“I had a decoration to do for the Michigan Parliament: there were twelve colossal figures to be painted on canvas to put up on the wall. They represented the virtues and the sciences . . . It was an urgent job.”
A high point in Juglaris’s career as decorative artist in the United States came on the heels of his residential commissions. He received an invitation to execute a series of monumental muses, inspirational figures drawn from classical Greek and Roman art, for an iconic statehouse in America’s Midwest. Complete with a commanding dome and soaring interior rotunda, the Michigan State Capitol in Lansing, Michigan was a trend-setting government building of the late Victorian era. It was inspired by the federal capitol in Washington, D.C., which was lavishly decorated with frescos from the brush of another Italian artist, Constantino Brumidi, who had completed his work two decades earlier at the end of the Civil War.

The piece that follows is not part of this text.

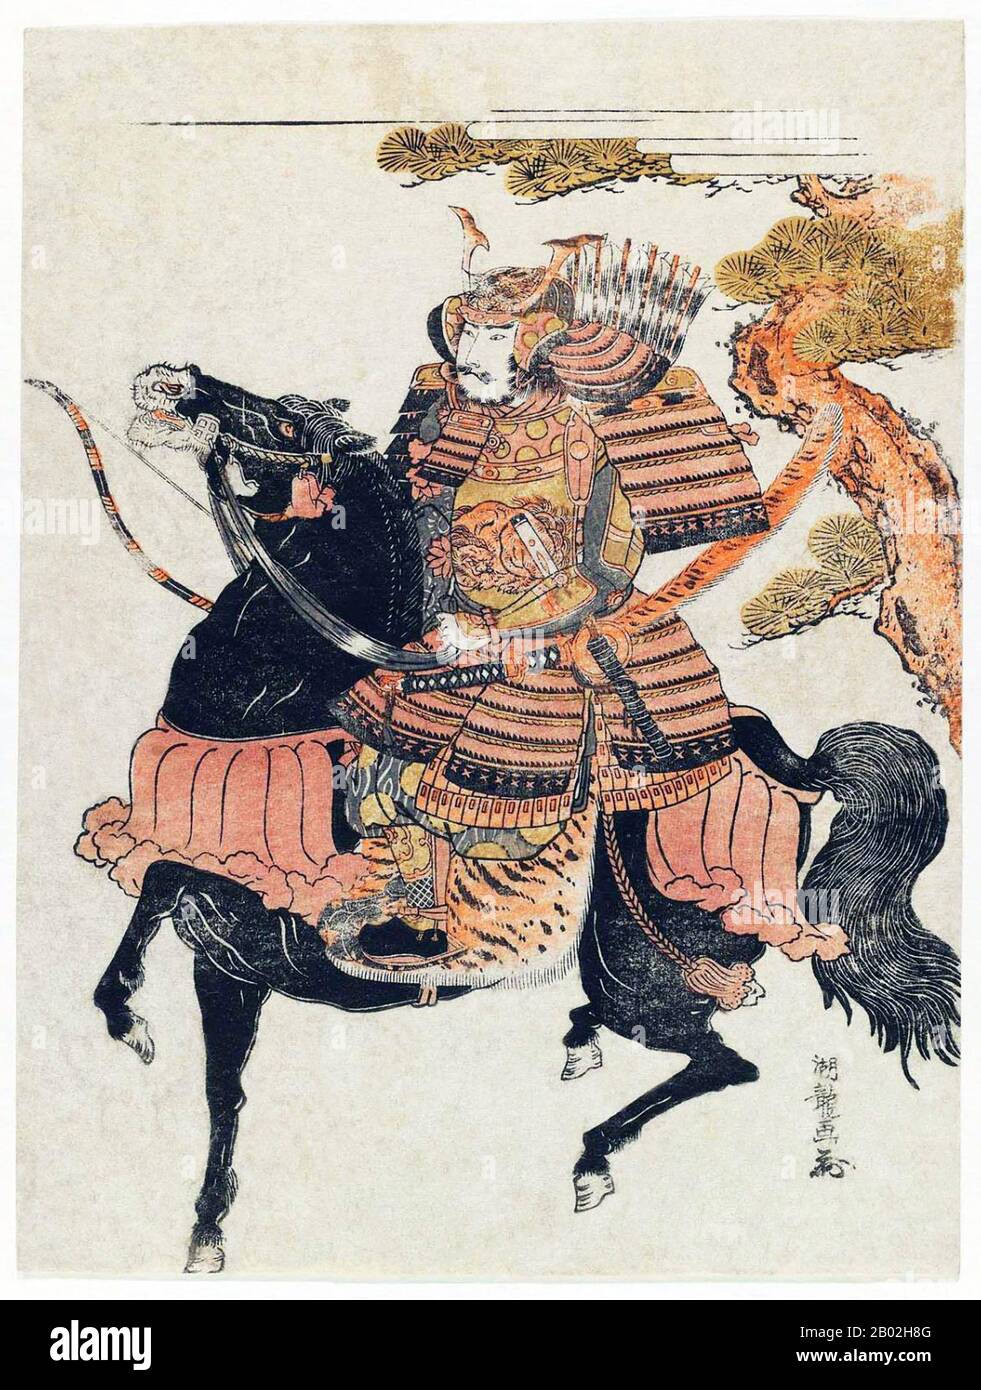 Minamoto no Yoshitsune (源 義経, 1159 – 15 juin 1189) était un général du clan Minamoto du Japon à la fin de la période Heian et au début de la période Kamakura. Yoshitsune était le neuvième fils de Minamoto no Yoshitomo, et le troisième et dernier fils et enfant que Yoshitomo serait père de Tokiwa Gozen. Le frère aîné de Yoshitsune, Minamoto no Yoritomo (le troisième fils de Yoshitomo), fonde le shogunat de Kamakura. Le nom de Yoshitsune dans l'enfance était Ushiwakamaru (牛若丸). Il est considéré comme l'un des plus grands et des plus populaires guerriers de son époque, et l'un des plus célèbres combattants samouraï dans l'histoire du Japon. Isoda Banque D'Images

Beating out a number of other competitors for the Michigan commission, Juglaris created eight “colossal figures” on individual canvases, each symbolizing “the virtues and the sciences,” different fields of endeavor important to the progress of a state then celebrating its fiftieth anniversary. Juglaris completed his commission on schedule. The eight muses were installed in September 1886, the same month that the Statue of Liberty was unveiled in the New York Harbor.
Sadly, Juglaris’s Michigan State Capitol project coincided with one of the worst years of labor upheaval in American history. The turmoil culminated in May 1886 with Chicago’s “Haymarket Square Riot” in which an anarchist threw dynamite at police breaking up a labor rally. A group of foreign-born anarchist leaders were arrested and charged in the deaths of seven policemen and the wounding of sixty more. The pending trial and resulting convictions captured newspaper headlines across the United States for months on end. The episode spawned a national wave of xenophobia and led to legislation in Michigan and elsewhere prohibiting non-citizens from working on publicly-funded projects, like state capitol buildings.
In this hostile environment it was suddenly awkward, if not impossible, for state officials to acknowledge Juglaris as the artist of the Capitol muses. Indeed, Juglaris, who remained an Italian citizen, never received public acknowledgment for his Michigan Capitol commission. Without mentioning Juglaris by name or providing the slightest biographical detail, a Lansing newspaper simply described him as “the best artist of his kind.” It took more than a century and careful research before Juglaris was successfully authenticated as the artist of the muses in the Michigan Capitol and officially recognized for his artistic contribution.